### Assigned task
Restate word for word the line containing "Excellent Pre-Owned Condition." and all remaining lines of the entries below.

### Given entries
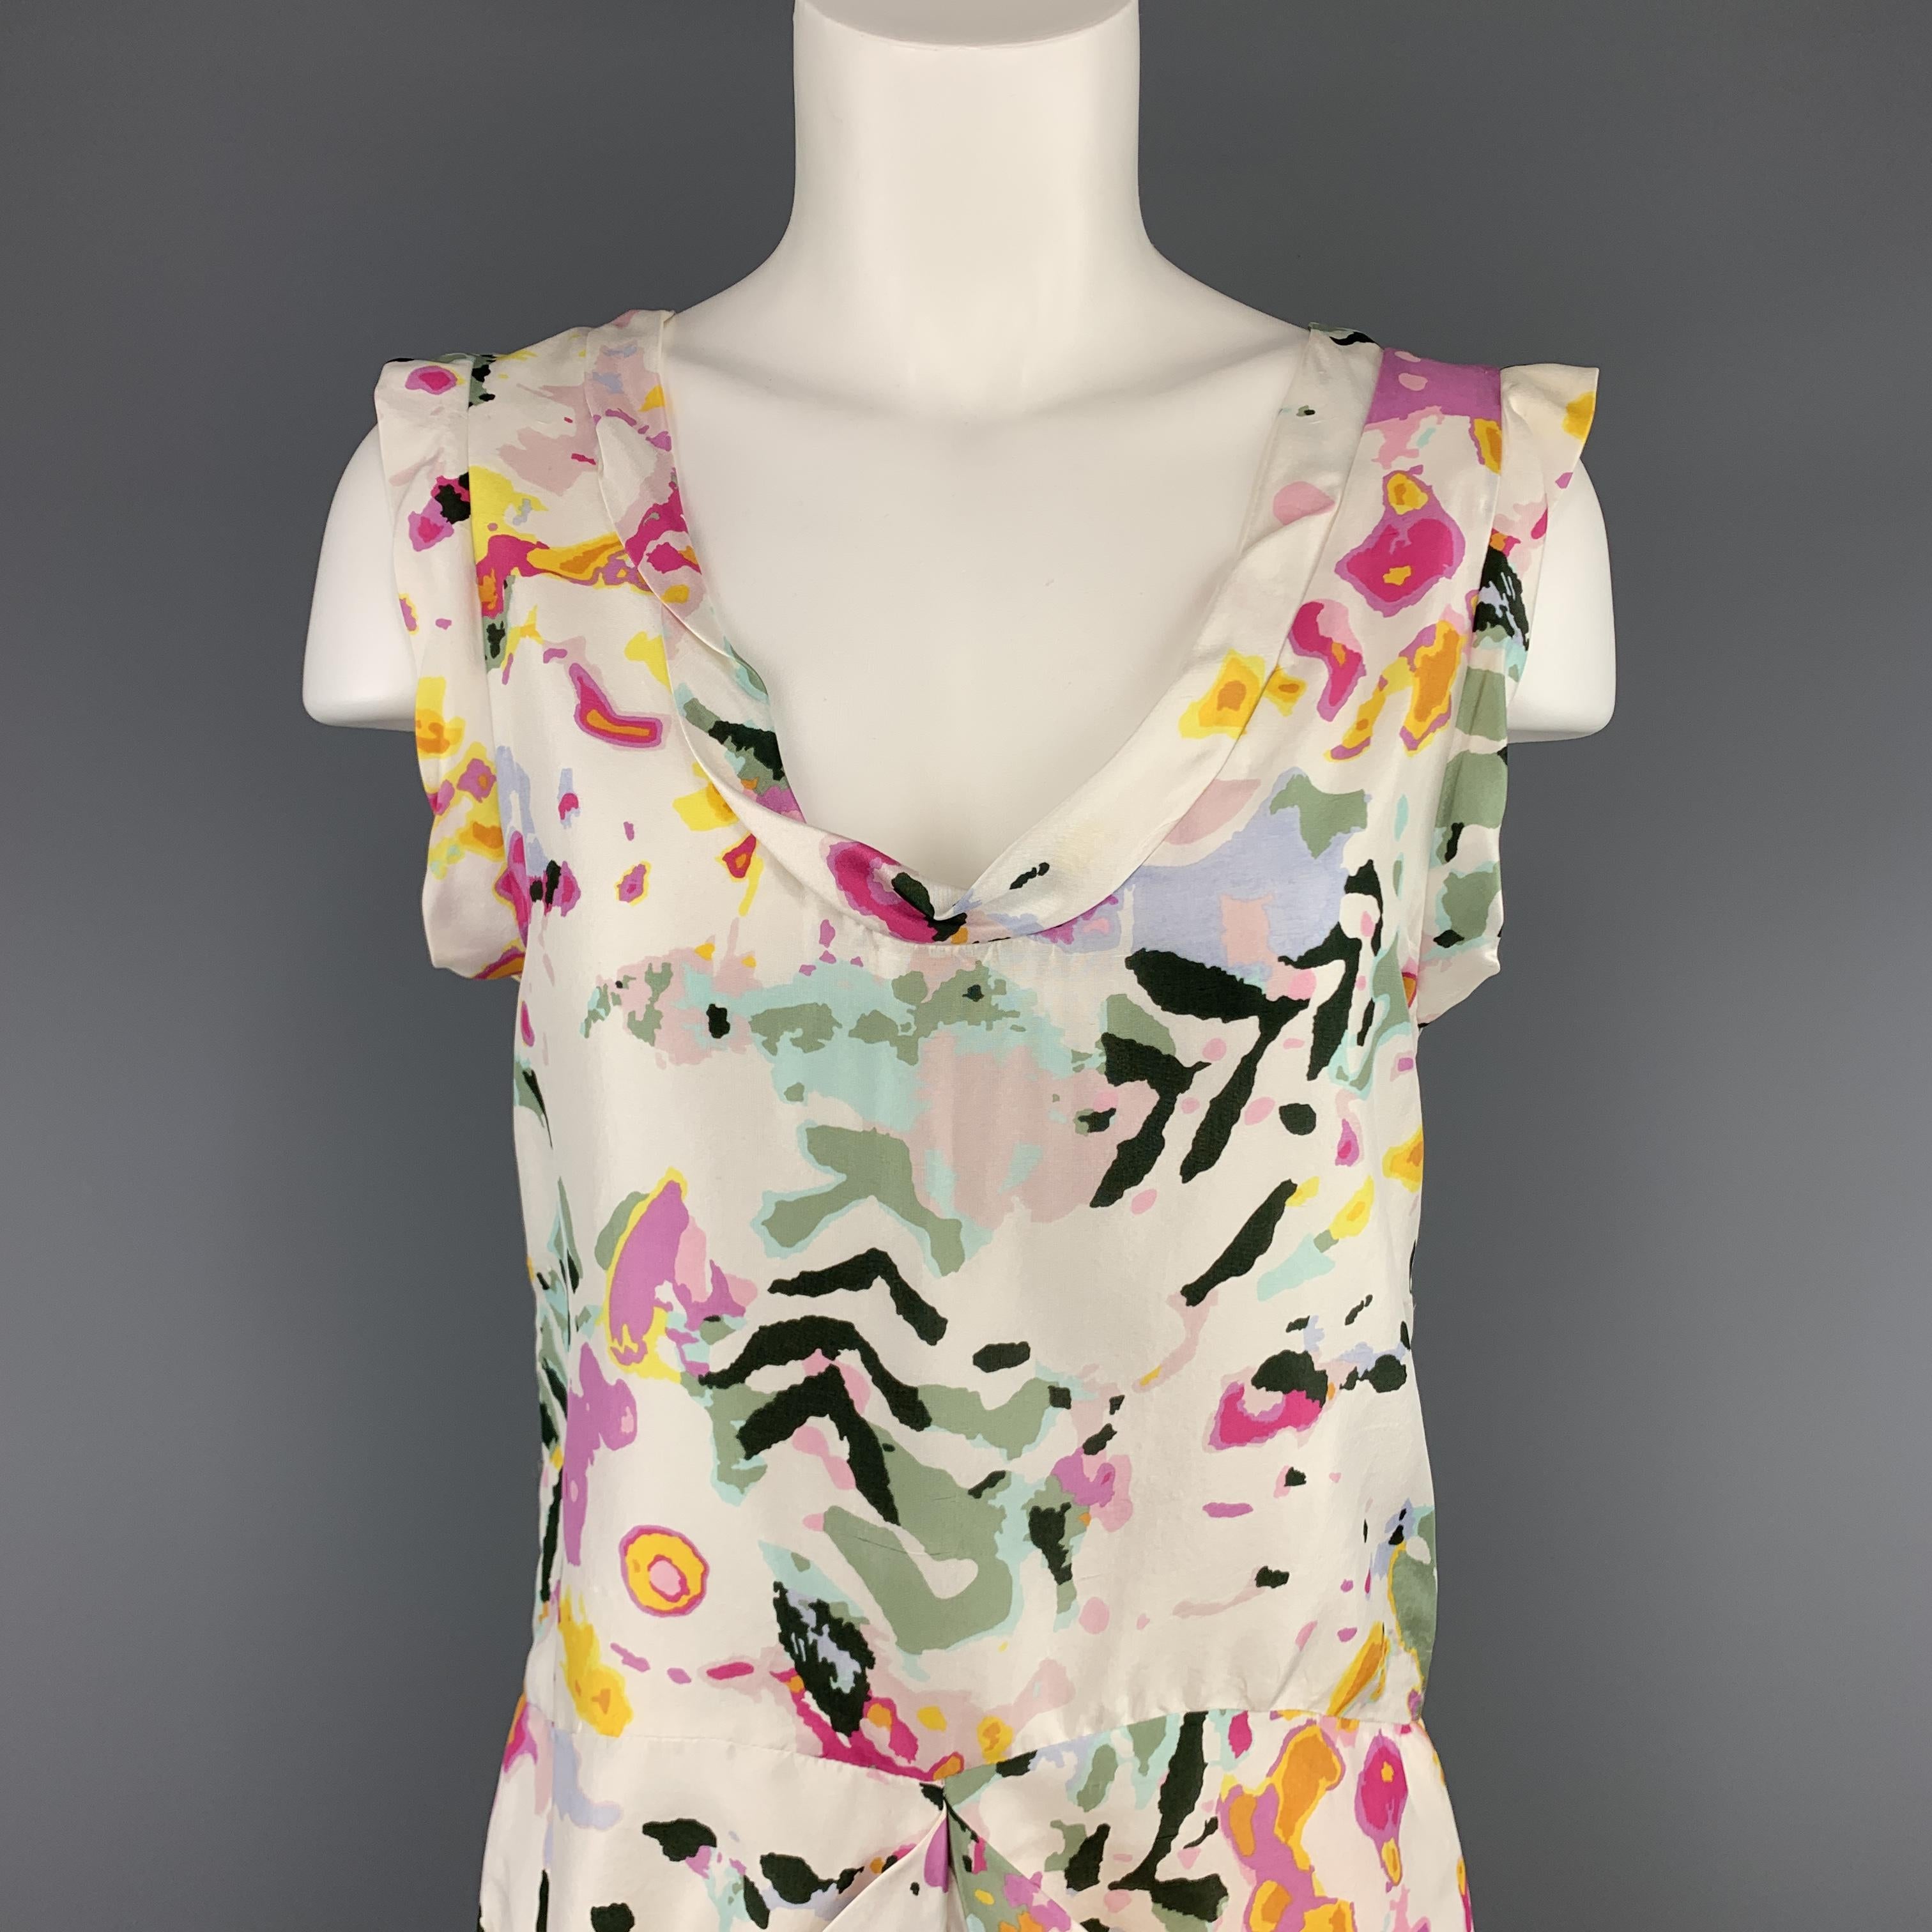 THAKOON shift dress comes in white silk satin with multi color floral print, scoop ruffle accent trim neckline, and draped mock pocket front. Made in USA.
 
Excellent Pre-Owned Condition.
Marked: 4
 
Measurements:
 
Shoulder: 16 in.
Bust: 34

### Result below
Excellent Pre-Owned Condition.
Marked: 4
 
Measurements:
 
Shoulder: 16 in.
Bust: 34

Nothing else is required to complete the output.